Have a great weekend!


  1. Nice talk by Dr Holt. More of him on breakfast TV please and less of this sort of nutbar:

  2. I recently read The Fountainhead and I am now a third of the way through Atlas Shrugged.

    Ayn Rand's writing is absolulutely gripping and several times during Fountainhead I actually punched the air and cheered! Reading Roark's major speech towards the end brought it all into focus and had me literally reduced to tears as the emotion poured out of me.

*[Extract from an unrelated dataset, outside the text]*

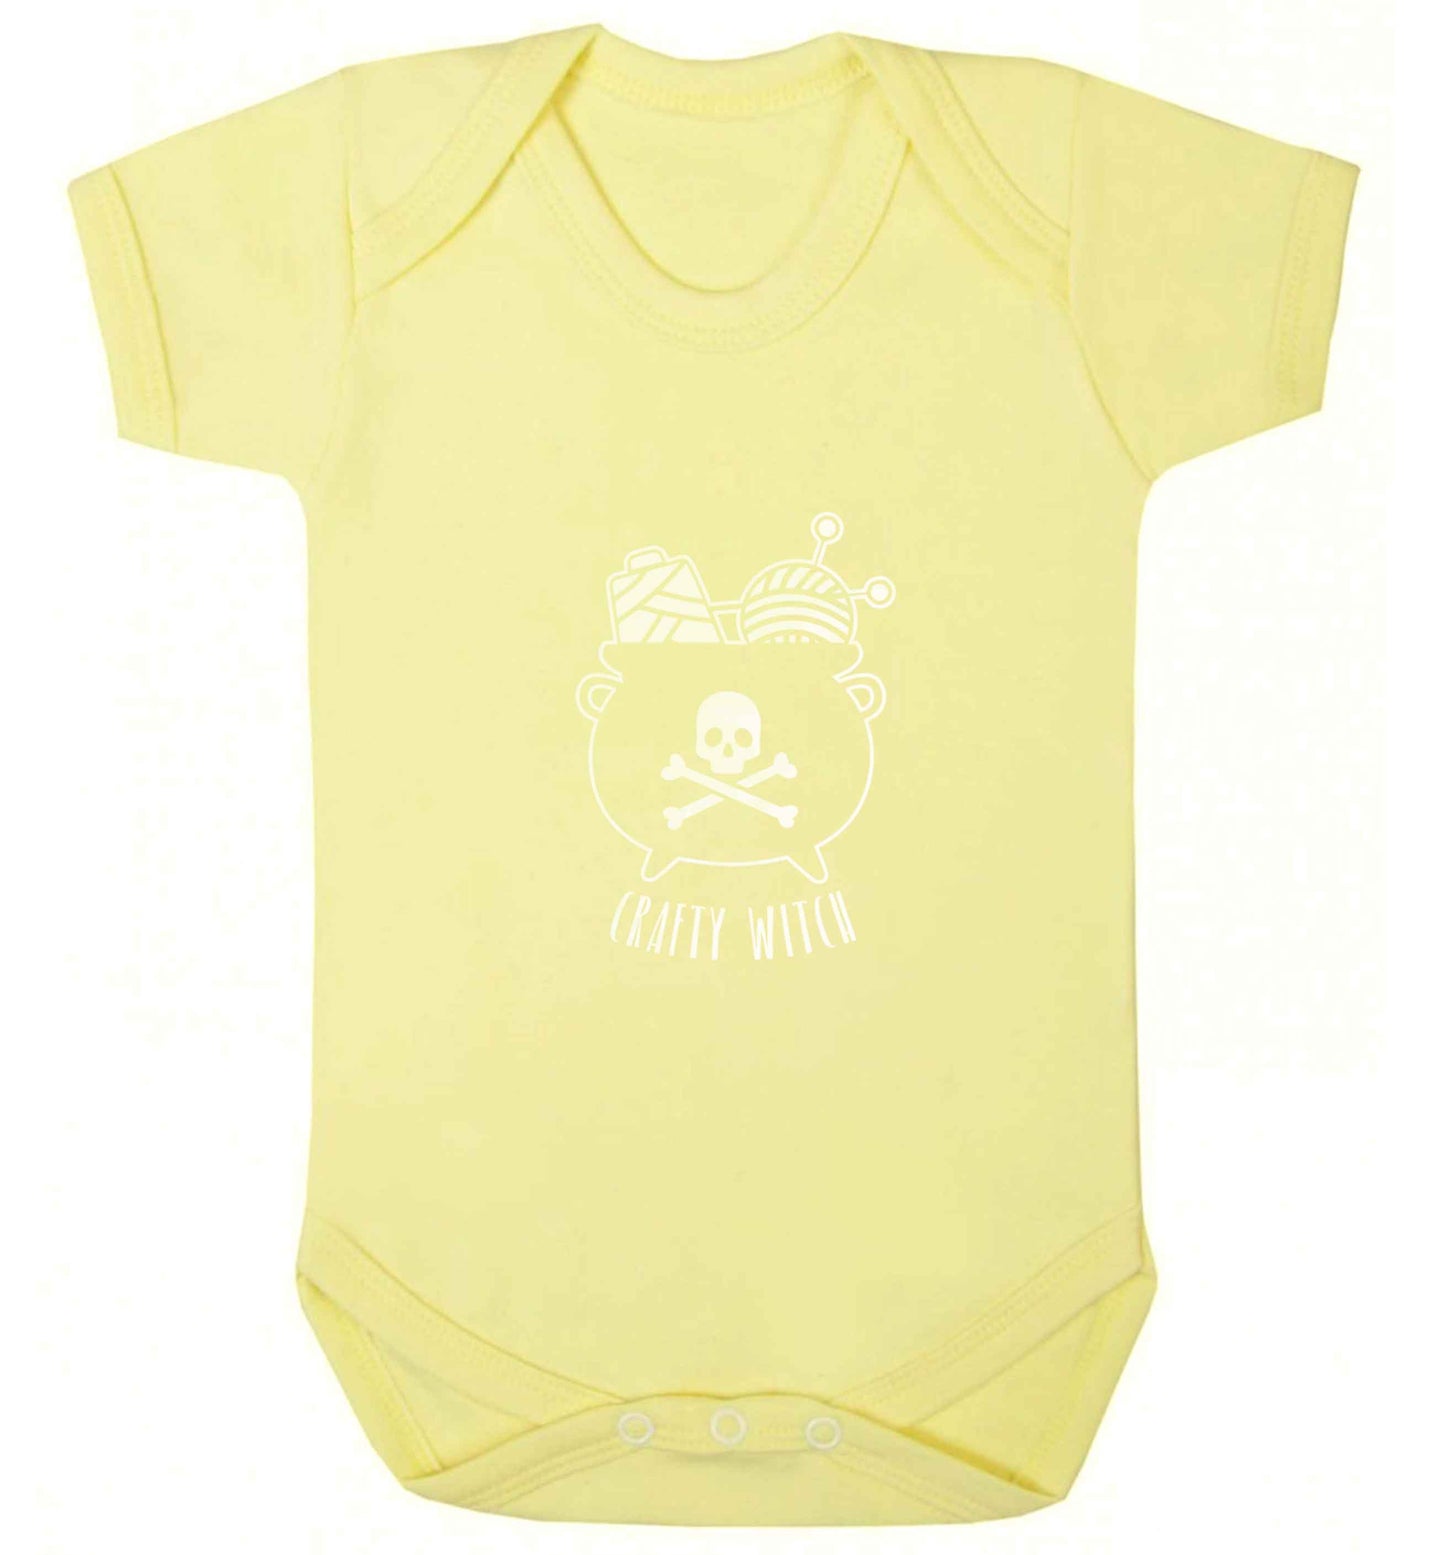 Crafty witch baby vest pale yellow 18-24 months

Great stuff.

    Others have likened Atlas Shrugged to life in the USA under the Obama administration, but I don't know the USA (have no wish to frankly) and for me the parallels are more aligned to the stultifying gangrene of green thinking (and also welfarism of course) which has infected New Zealand.

    The only only parts that I find hard to identify with in Ayn Rand's writing are her portrayals of the sexual chemistry between her heroes. I'm not sure that its altogether healthy to continually translate sex into hate-filled contempt and pure domination all the time. We all like a good bit of passion - but a continuous diet of "get out of my life you disgusting bitch, I wanna fuck you, bite you to pieces and leave you degraded, hurt and bleeding on the floor' seems to be going a bit far.

    A lot of the basic philosophical assumtions of Rand's writing seem to ring so true with me that I suspect my mother had read these books (she was a wide reader but is long dead now) and passed some of the principles onto me (as parents do, consciously or otherwise).

    My wife is reading them too and we really enjoy discussing the themes and finding out how much we agree on (although sometimes I get a bit nervous that she'll get all carried away and leave me degraded and broken on the floor in the middle of the night hahahaha!!!).

  3. Richard McGrath4 Oct 2010, 15:38:00

    Nice talk Shaun, loved the bit at the end about people exploding inside MRI machines! That logic is the absolute killer blow to therapies where people have to wear or lie on magnets.

    You very usefully mention how cancer patients (or parents of children with cancer) can become very desperate and often end up as victims of unscrupulous scammers. Your books are extremely useful in pointing out to these unfortunate people what treatments are likely to work and which ones are a waste of time and money.

    I think it's important that people learn what the scientific method is about (heaven knows, they won't learn about it in our dumbed down schools!). It was great that you made special mention of double- blind randomised controlled trials in your talk.

    You're a champion of science and reason, Shaun - well done.